Famed Japanese Author Is Opposed to the Project
Even some of Japan’s most famous inhabitants are getting involved in protests against the development project. Japanese novelist Haruki Murakami pleaded his case for keeping the alluring Tokyo park, even crediting Jingu Gaien for inspiring his award-winning writing.
“I’m strongly opposed to the Jingu Gaien redevelopment plan,” he said. “Please leave that pleasant jogging course full of greenery and the lovely Jingu Stadium as it is. Once something is destroyed, it can never be restored.”
The Rugby Stadium Serves as a Valuable Asset
Even Japanese musician Ryuichi Sakamoto penned an impassioned letter to Governor Koike outlining his disapproval of the plan before his death earlier this year.
Chichibunomiya Rugby Stadium has been the site of many historical events over the years. It hosted the 1964 Olympics and famed American baseball player Babe Ruth once played there in 1934 against Japan. People of the country view the rugby stadium as an integral part of Japan’s heritage.

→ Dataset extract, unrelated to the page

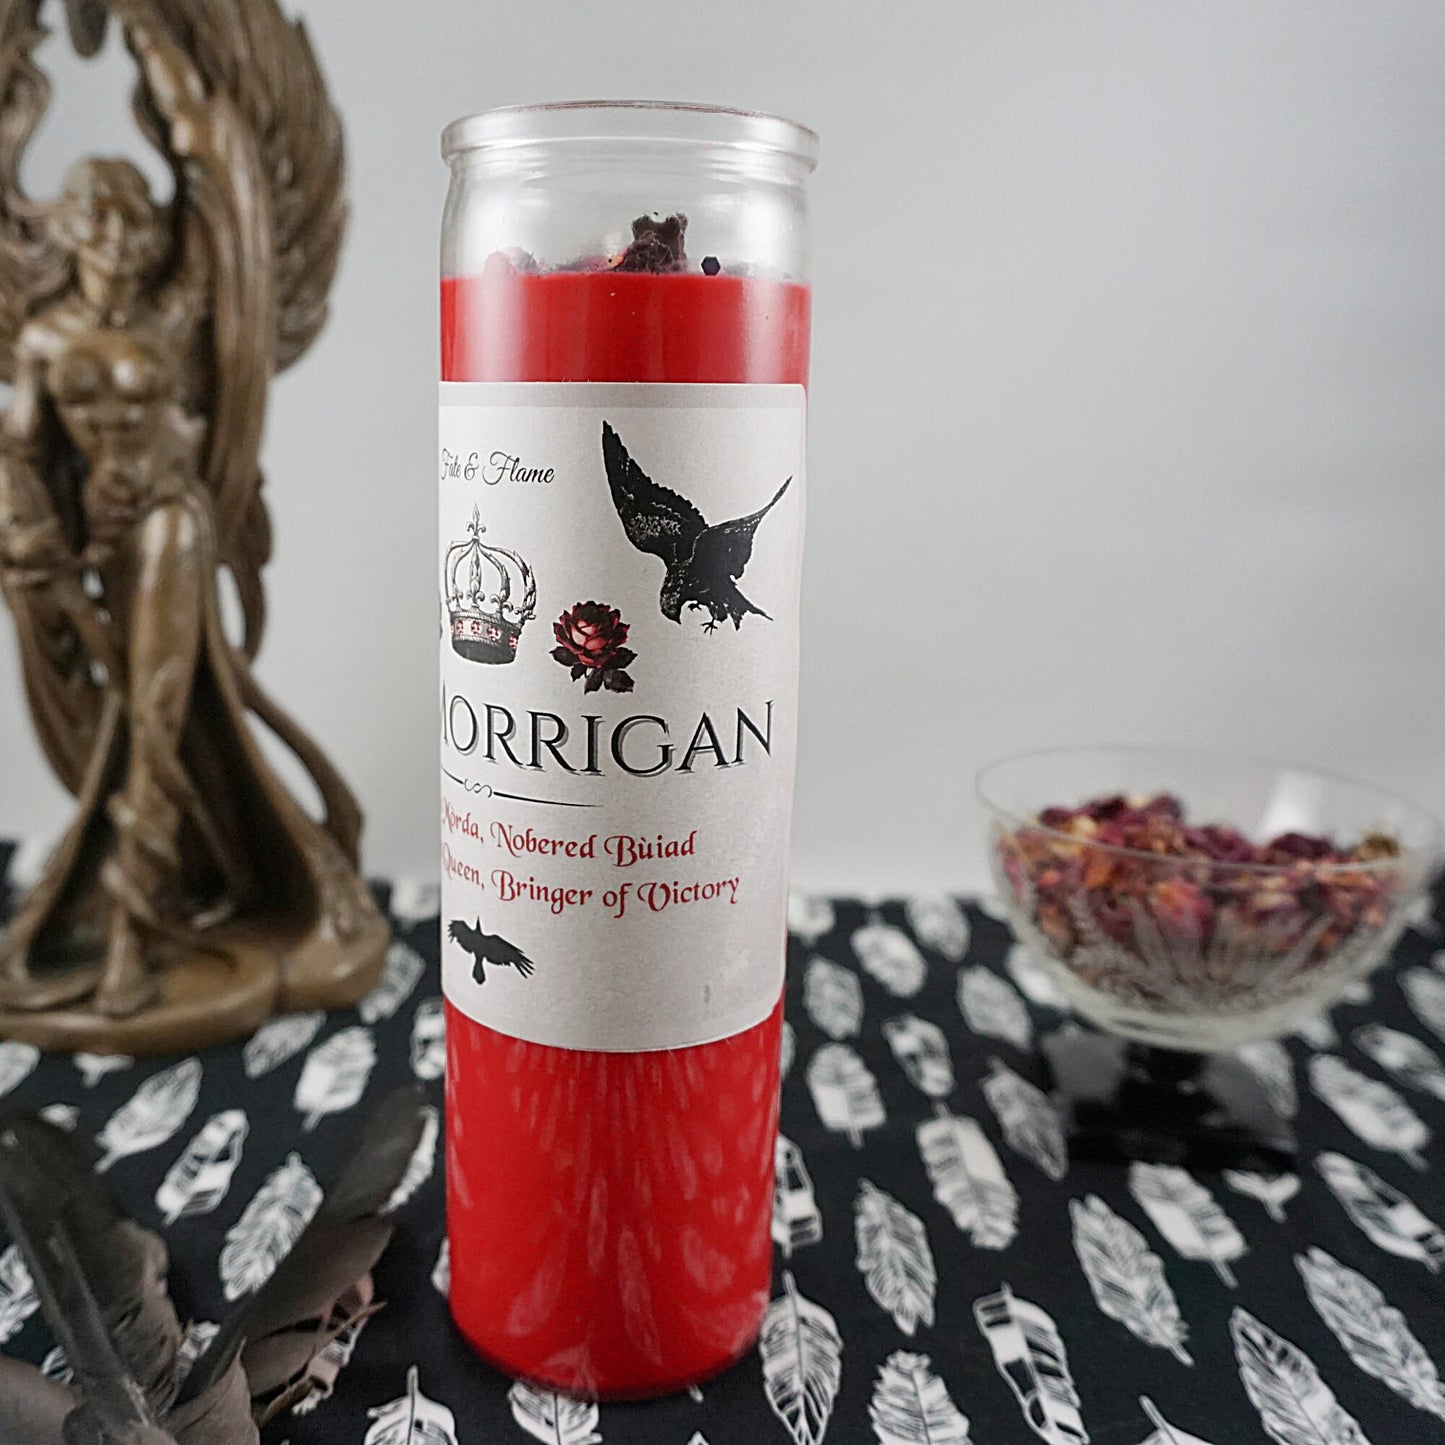 THE MORRIGAN Ritual Candle | Invocation, Dark Goddess Offering, Prophecy, Power, Strength

Is Political Collusion to Blame?
Many people believe that the governor and his cohorts have ulterior motives for chopping down Tokyo’s infamous ginkgo trees to redevelop the area. Koichi Nakano, a political scientist, suggests that Koike, Mitsui Fudosan, and Meiji Jingu, a religious organization that owns the majority of the land, are working together to line their pockets.
“But because Jingu Gaien is also a public park with sports facilities, politicians can – and do – meddle in the decisions,” said Nakano. “Which results in the cozy, probably collusive relationships among the insiders that are unaccountable to the public.”
Thousands of Trees Have Been Axed Before
Sadly, this is not the first time that an abundance of ginkgo trees have been mowed down to build commercial venues.
Almost 1,500 trees were cut down in the same part of Tokyo to construct a $1.4 billion stadium for the 2020 Tokyo Olympics. Mikiko Ishikawa, a professor at the University of Tokyo, said, “This is like building skyscrapers in the middle of Central Park in New York.”